Internet gamblers typically set up accounts at offshore businesses, and place and settle bets using credit cards and checks that are converted in electronic currency, much as eBay users buy and sell items using the PayPal system.

Instead of targeting specific games, such as criminalizing blackjack but not fantasy sports leagues, the new law seeks to block the financial transactions that fuel them.

The Poker Players Alliance, a lobbying group that opposes the new law, said it would ask Congress to exempt poker from the statute. The group considers poker a game of skill, not chance.

The new law is shaking up the worldwide Internet gambling industry, with some comparing it to Congress banning the sale of Toyotas, BMWs and all other foreign vehicles here. Britain's Sportingbet PLC, for example, said 62 percent of winning bets on its site came from the United States.

A major offshore e-currency company, FirePay of Britain, said it no longer will accept payments from U.S. customers. Sportingbet sold its U.S. online operations to an Antiguan company yesterday for $1, five weeks after former company chairman Peter Dicks was arrested in New York when customs officials found he was wanted in Louisiana on charges of illegal online gambling. New York Gov. George E. Pataki (R) refused to extradite Dicks to Louisiana, and a federal judge cleared his return to England.

Former BetOnSports PLC chief executive David Carruthers was arrested in the Dallas airport in July. BetOnSports founder Gary Stephen Kaplan, also wanted by U.S. authorities, is a fugitive. BetOnSports said yesterday it would pull out of the United States and repay balances to customers here.

Most online wagering and e-currency Web sites posted releases yesterday commenting on the law and its impact on customers.

"After taking extensive legal advice, the board of PartyGaming PLC has concluded that the new legislation . . . will make it practically impossible to provide U.S. residents with access to its real money poker and other real money gaming sites," the company said.

The World Trade Organization even has a stake in the game. The organization has ruled that the United States violates trade treaties by outlawing offshore online gambling while tolerating some forms of U.S.-based online gambling, citing the horse-racing ambiguity.

The major casinos in Las Vegas and Atlantic City and on Indian reservations did not take a position on the new law, said Frank J. Fahrenkopf Jr., president of the American Gaming Association. The group's reasoning: Less casino revenue comes from gambling, as entertainment, retail and other non-wagering spending now makes up 55 percent of the cash streaming into resorts such as Harrah's and Bellagio.

"The guy who comes home and goes to his den and cracks open a can of beer and bets on the Internet is not really our customer," Fahrenkopf said. "We never viewed the Internet as being competitive."

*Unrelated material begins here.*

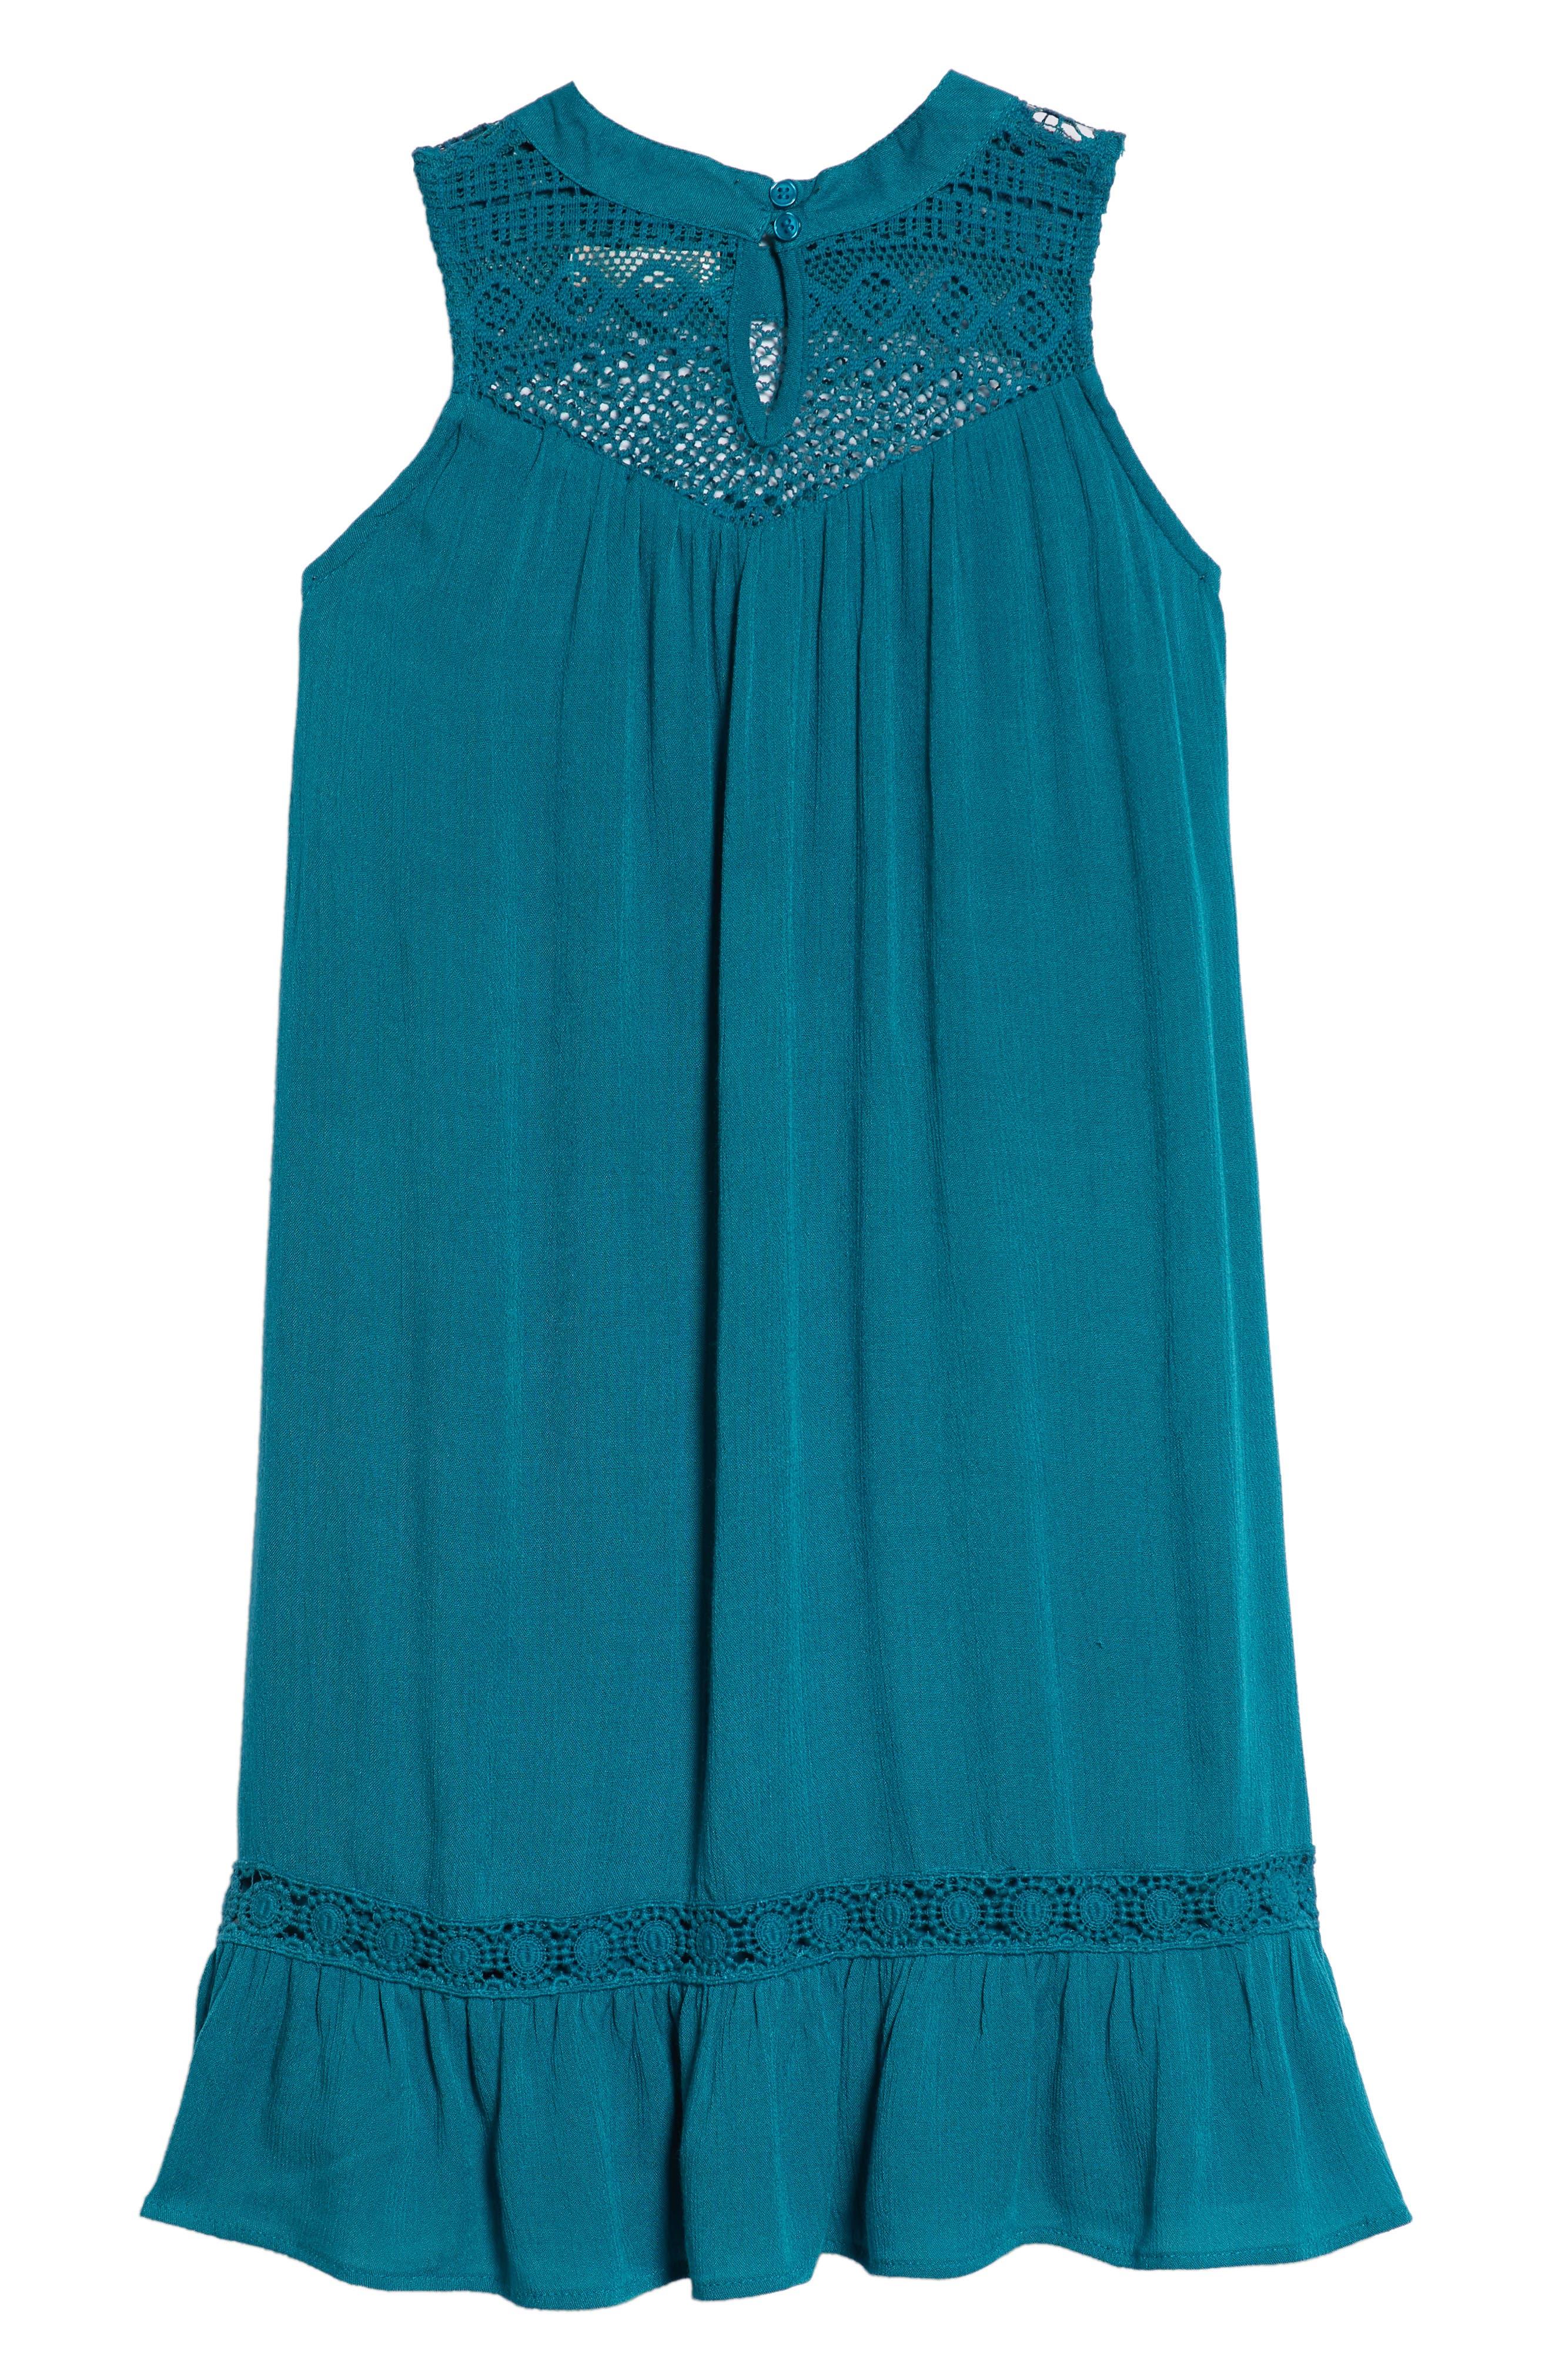 Lace Inset Ruffle Shift Dress,                             Alternate thumbnail 2, color,                             Teal

The association wants Congress to authorize an independent study of whether a legalized, nationwide, taxed and regulated online gambling system would work in the United States, as it does in Britain.

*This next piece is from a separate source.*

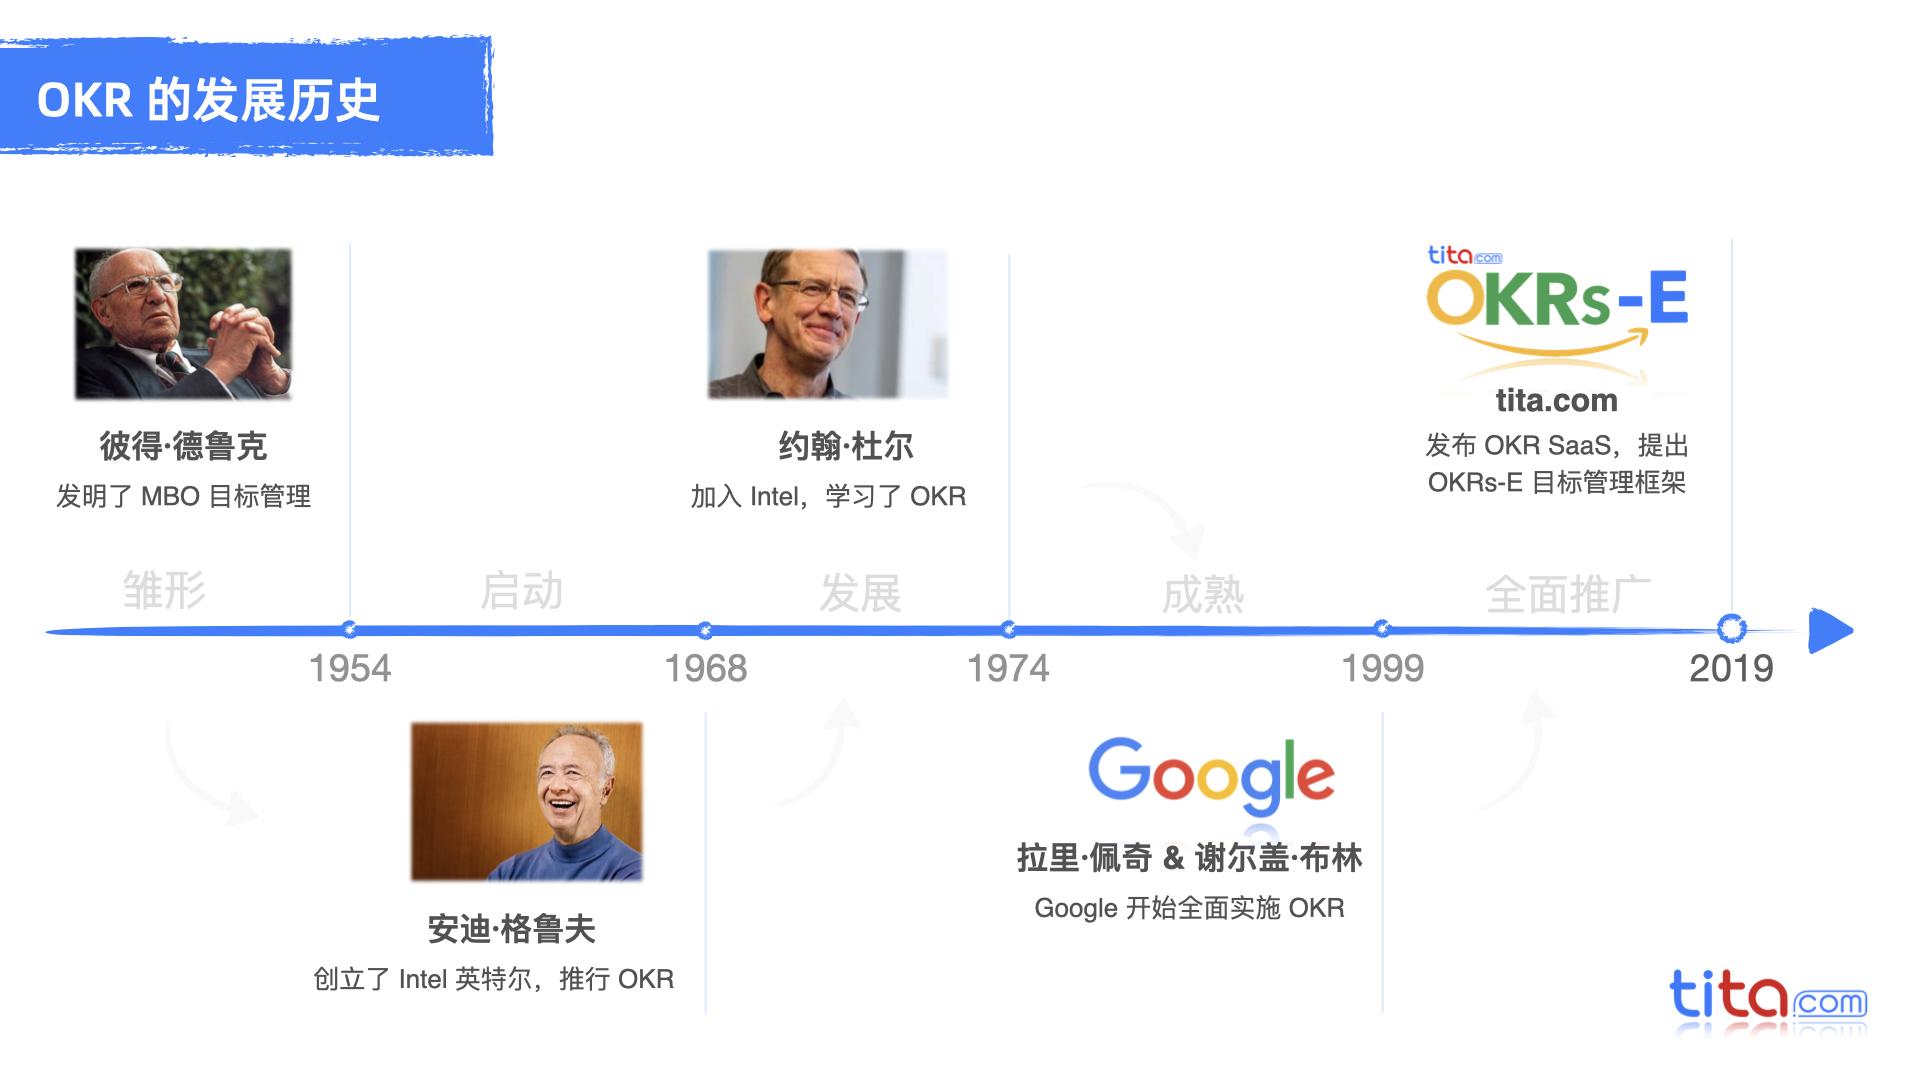 Google、微软为何不用 KPI?

"Would we like to get into that business?" Fahrenkopf said. "Yeah, some of our guys would."

Goodlatte said he would press to update the Wire Act to conclusively extend its authority to the Internet. That part of his bill was dropped in the Senate.

"All the problems that manifest themselves with gambling, even in heavily regulated states, are even worse on the Internet," Goodlatte said yesterday. "There are family problems, bankruptcy problems, gambling addiction, gambling by minors, using gambling to launder money for criminal and terrorist organizations and organized crime. It does not help our society."

For poker advocates such as Duke, the new law is the wrong way to cure social problems.

"We've proven in history that trying to protect the minority and punish the majority never works," Duke said. "The fact is, there is a certain percentage of people who have addictive personalities [and gamble online]. Are you going to pass a law outlawing online shopping? Or day trading?"